WORK REQUEST: In the entries below, repeat only the lines between those holding "Affiche sportive soviétique" and "EndlichDaheim Massivhaus GmbH Logo", inclusive. Leave pictures out.

GIVEN RECORDS:
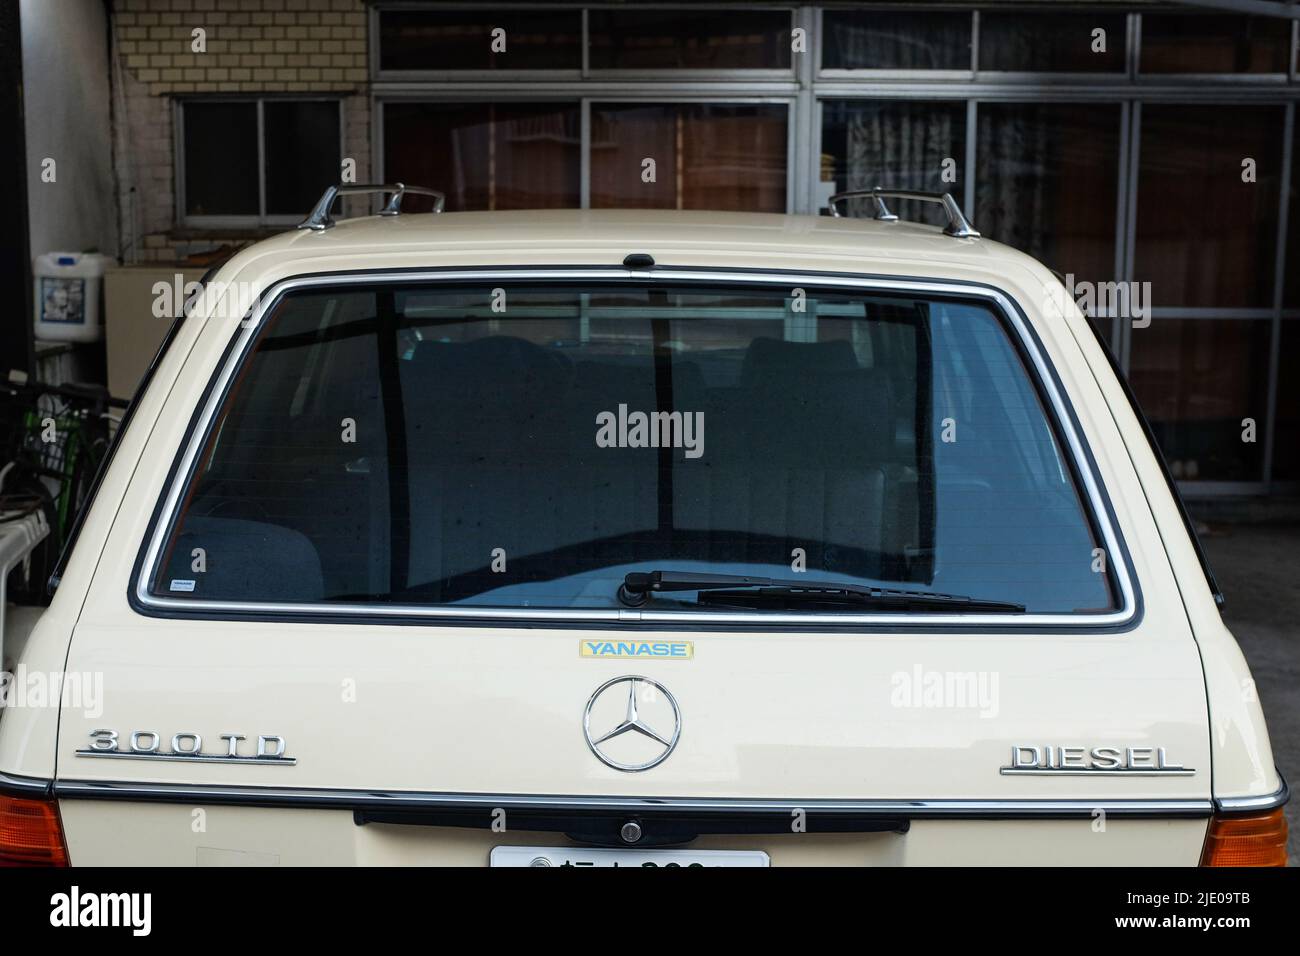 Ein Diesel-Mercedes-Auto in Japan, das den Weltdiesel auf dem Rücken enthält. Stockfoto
* * *
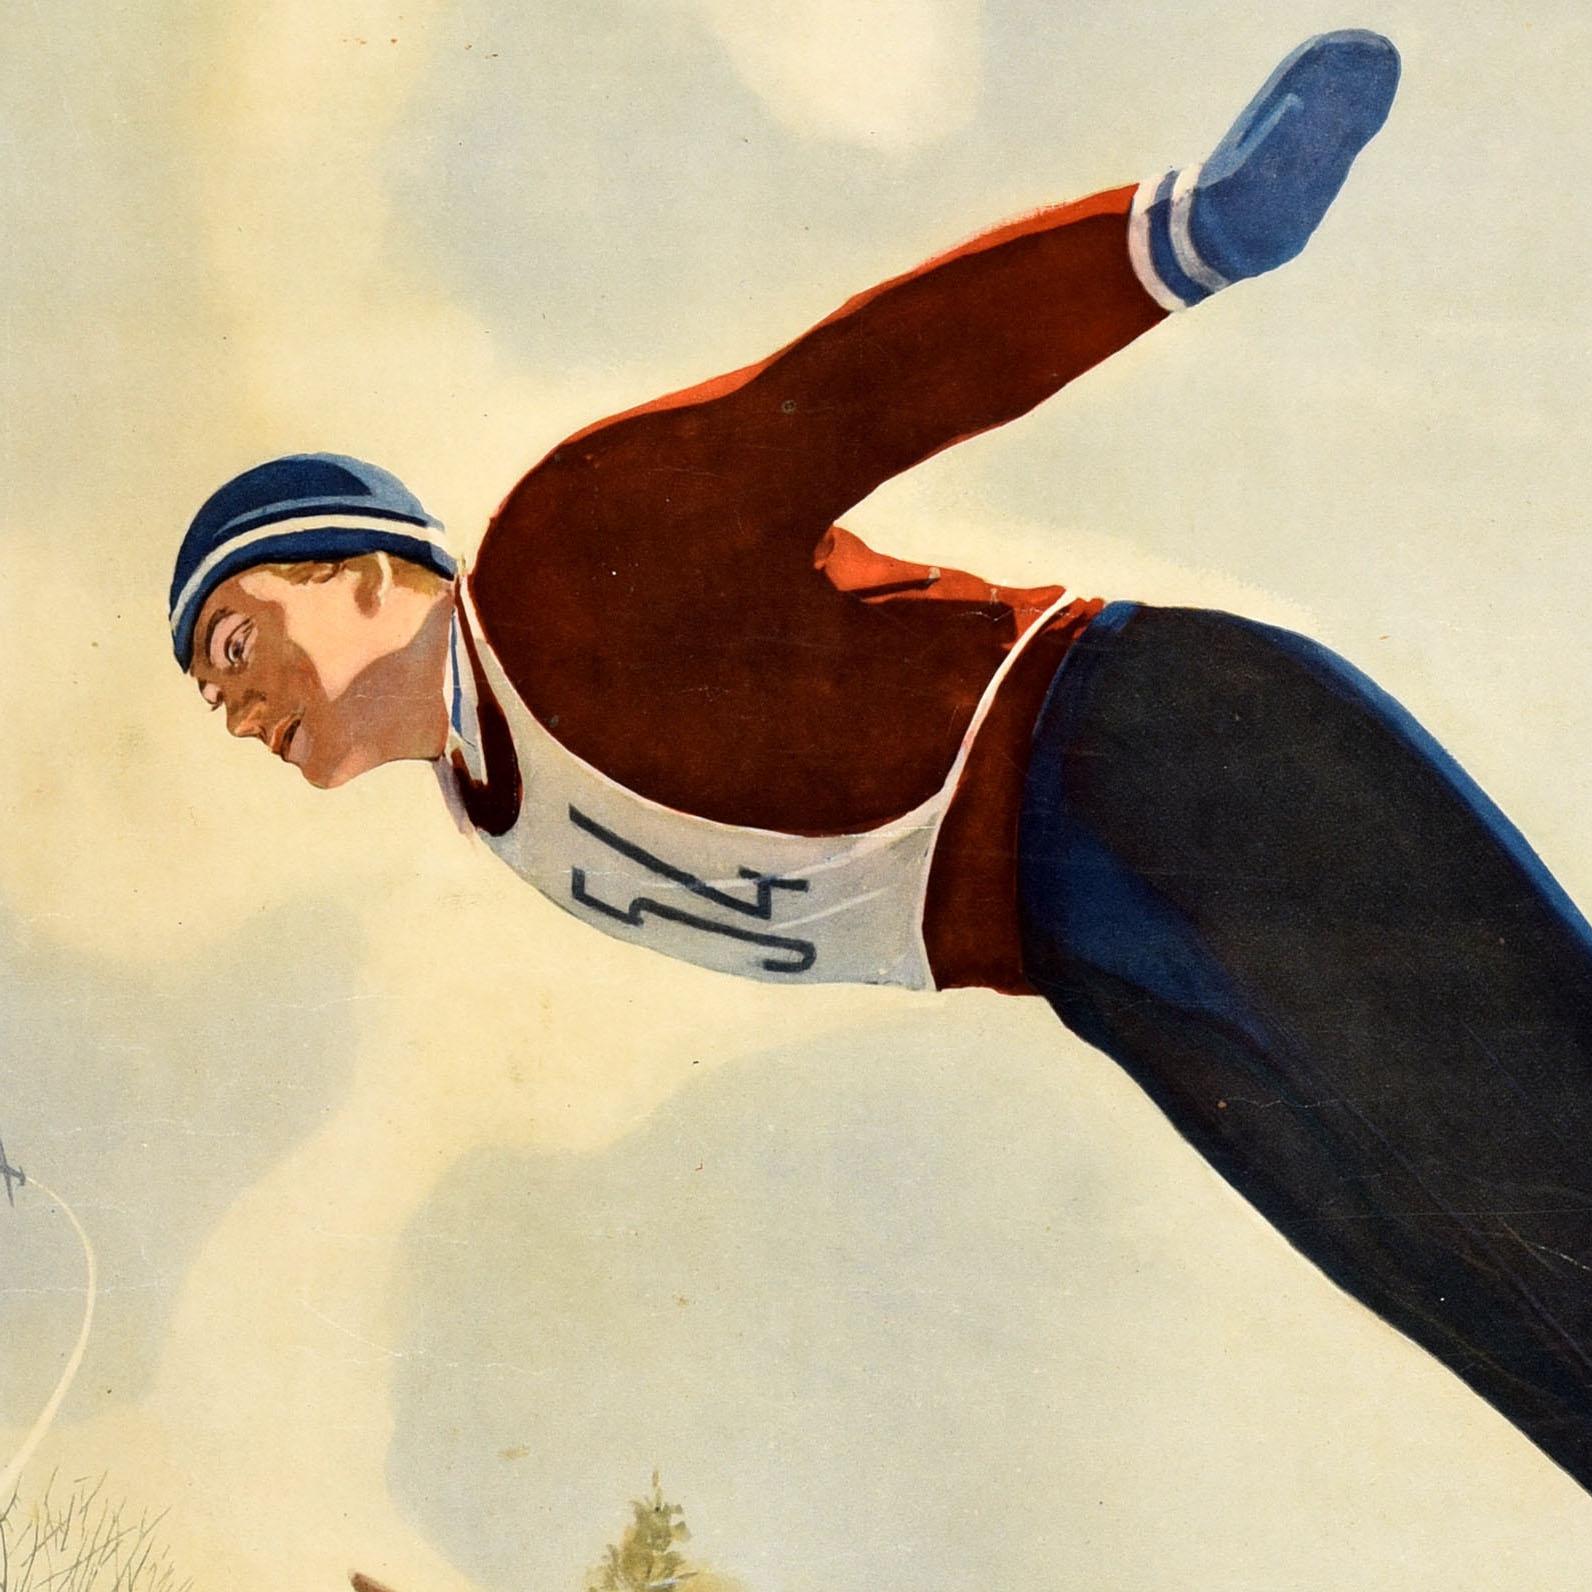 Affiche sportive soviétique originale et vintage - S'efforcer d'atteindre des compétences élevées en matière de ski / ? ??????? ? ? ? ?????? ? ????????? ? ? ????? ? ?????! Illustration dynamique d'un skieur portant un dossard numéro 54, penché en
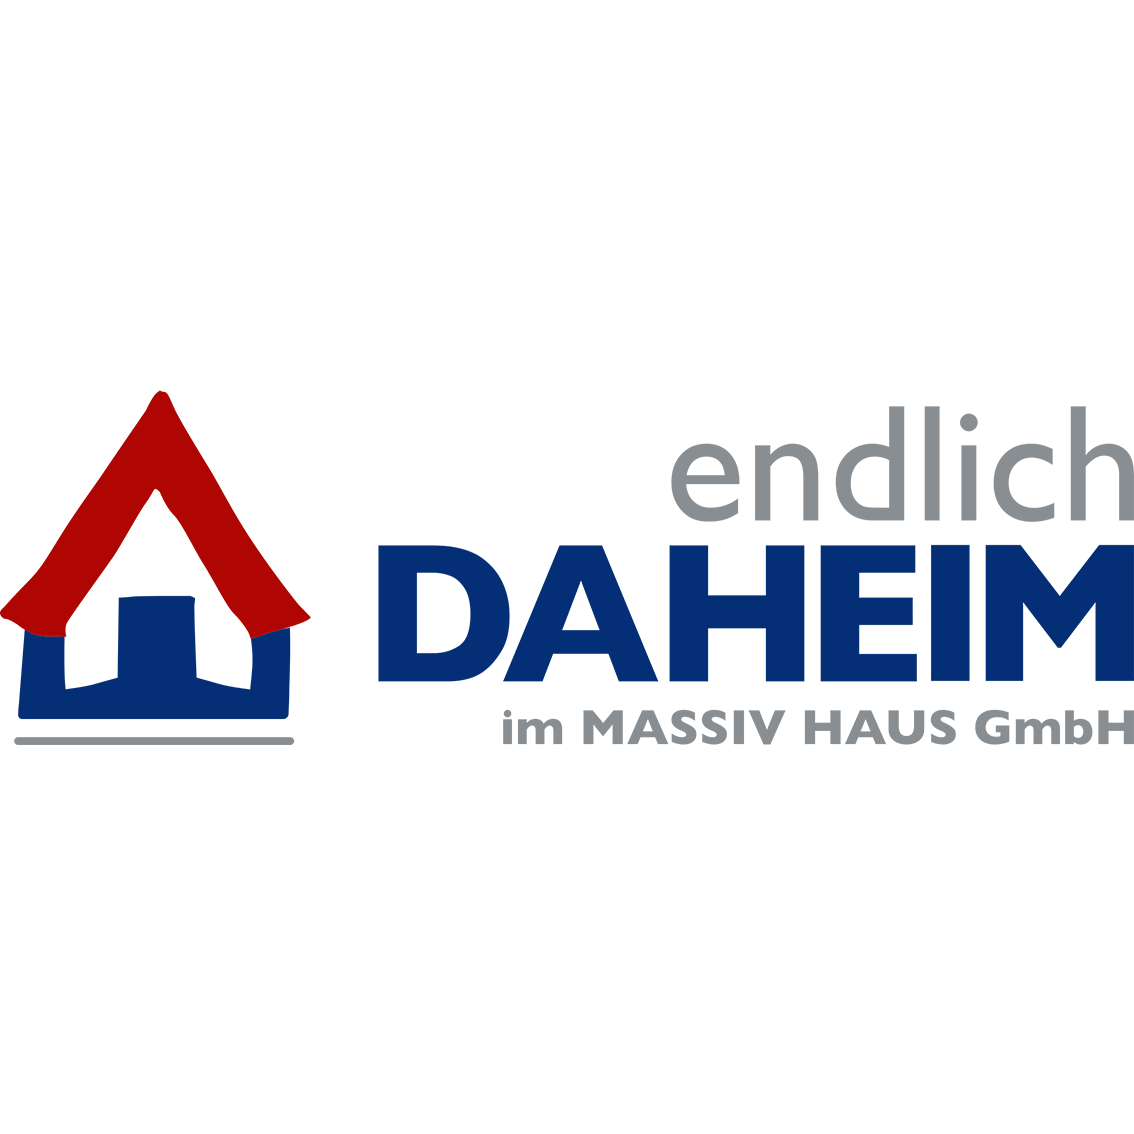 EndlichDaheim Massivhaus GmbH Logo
...
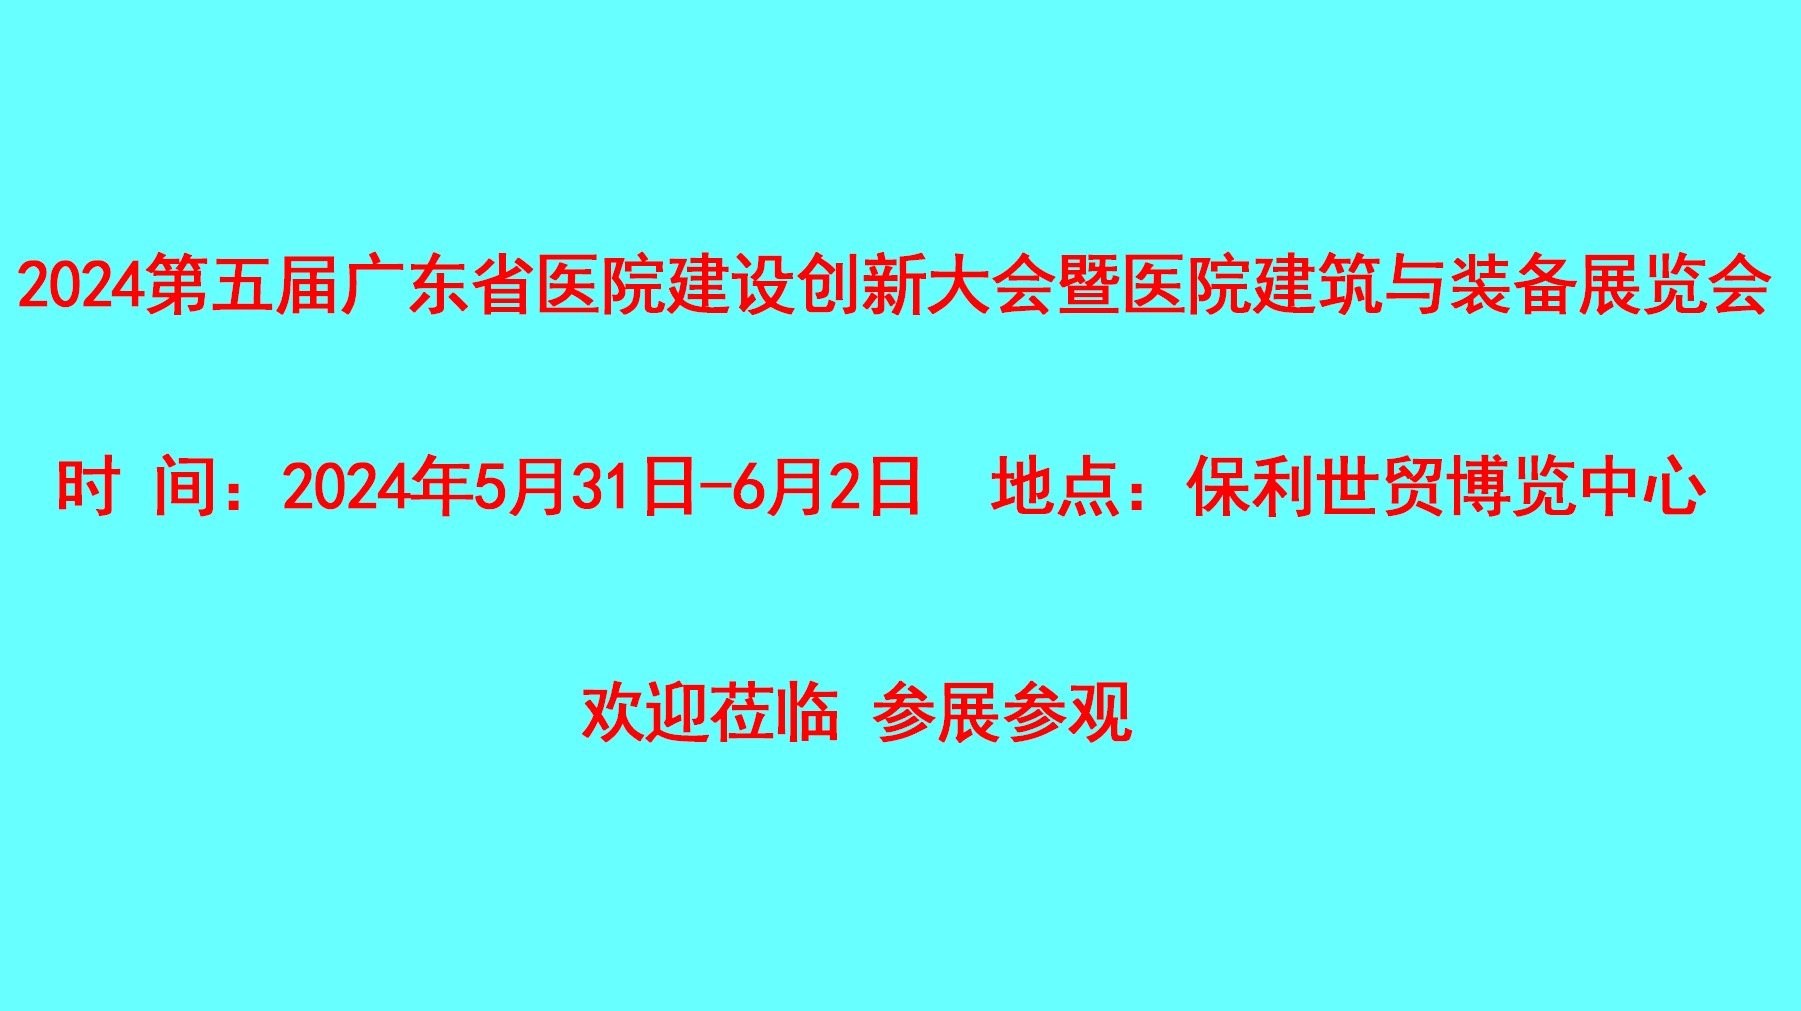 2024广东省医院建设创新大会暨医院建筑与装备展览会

YOUR RESPONSE:
 Affiche sportive soviétique originale et vintage - S'efforcer d'atteindre des compétences élevées en matière de ski / ? ??????? ? ? ? ?????? ? ????????? ? ? ????? ? ?????! Illustration dynamique d'un skieur portant un dossard numéro 54, penché en
 EndlichDaheim Massivhaus GmbH Logo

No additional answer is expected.